Saturday, September 25, 2010

Two of a Kind...

It would appear that Sara is finally not alone with her NF, or even how it affects her body.

The Children's Hospital in Denver holds a multiple disciplinary clinic for NF patients once a quarter.  After the July clinic, the Genetic Coordinator emailed me and asked me if I would be willing to communicate with a family that had just entered the program.  Their son is 3 years old, and has similar leg problems to Sara, so she asked if I would be willing to chat with the mother about Sara's case.

We have been emailing once or twice a week since that time.  Her name is Kelly, and her son is Travis.  You can read Travis's journey with NF on his blog (There's a link to his page on the right under My reading List.).  I find it very unfortunate that we have to meet under these circumstances, but I'm so glad we have.

And we did finally meet face to face at the NF walk earlier this month!  She has a lot on her plate with 3 sons and a husband, the youngest son with NF.  Sara and Travis were both quiet, and seemed to be just checking each other out.  We are planning to get them together again in Oct. when it will be a little less chaotic.  I can't wait!

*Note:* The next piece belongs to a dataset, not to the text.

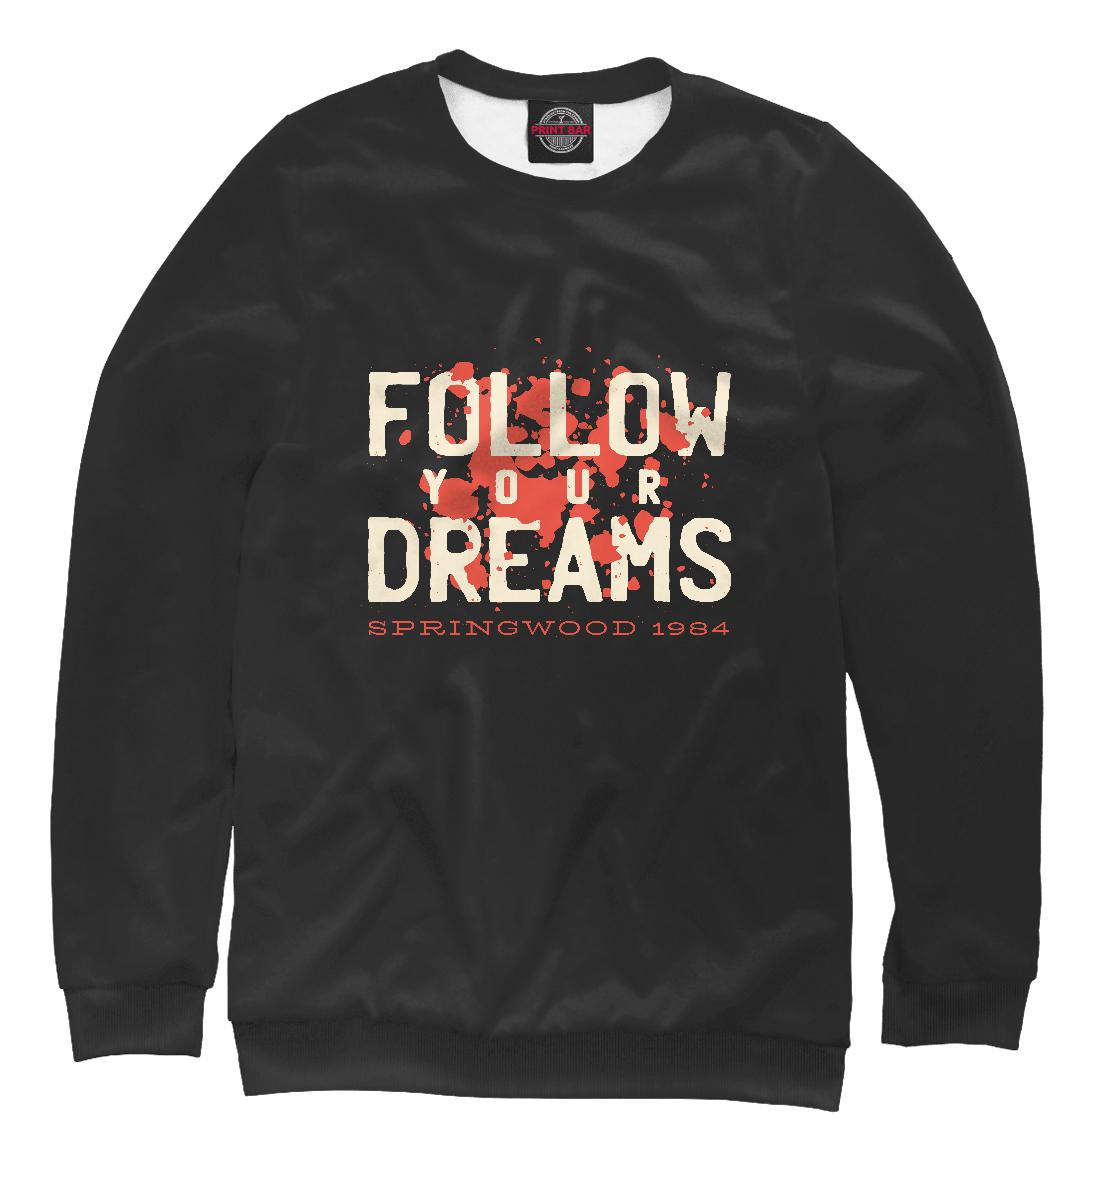 Фото - Follow your dreams printio холст 50×50 follow your dreams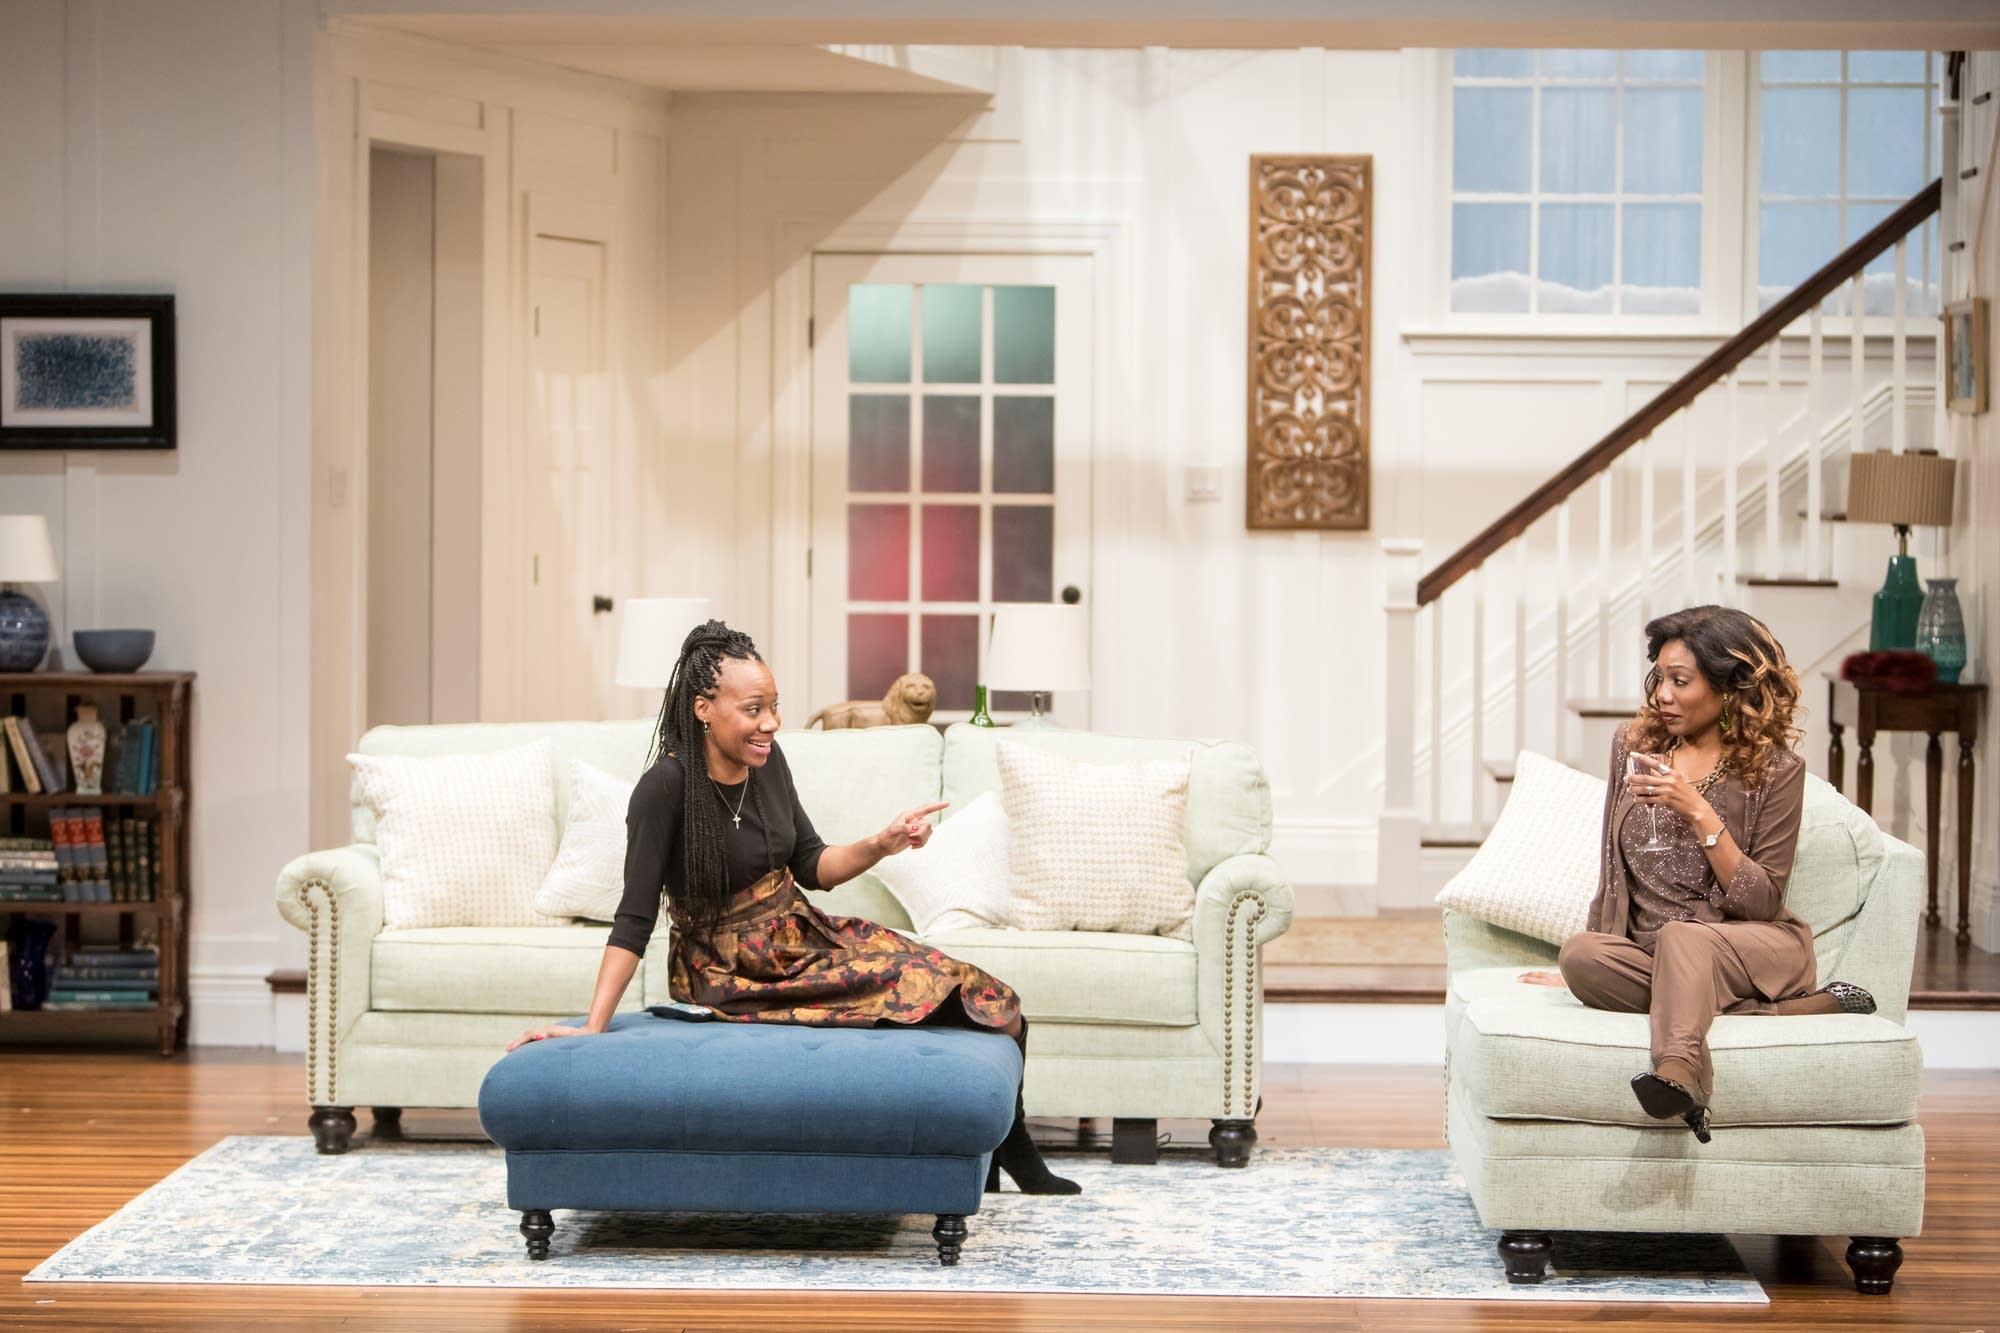 Sha Cage and Austene Van play members of a Zimbabwean-American family.

I'm so glad that now neither of our children have to face all this alone.  They are close in age, both 3 years old, and they have similar presentations of NF.  I don't know how Kelly feels, but I think it will be great for them to have a friend that is just like them.  I really hope that we will be able to get to know each other much better, our kids get to know each other better, and that we can get together as often as possible.  They live a couple of hours away, so getting together probably won't always be easy, but hopefully we will make it a priority.  And if nothing else, we'll always see each other at the hospital (not that its an ideal place to hang out).

Sara and Travis are no longer alone, but neither are Kelly or I.  I'm so grateful not to feel alone any more when dealing with Sara's NF.  I have lots of support from family and friends, but it isn't the same as having another mother to relate to who is going through the exact same things as I am. 

Thank you Kelly and Travis for coming into our lives!  We can't wait to see you next week at the conference!!

1 comment:

  1. Thank you Julie (and Sara) for all your support and allowing all this to happen. Our kids are amazing individuals.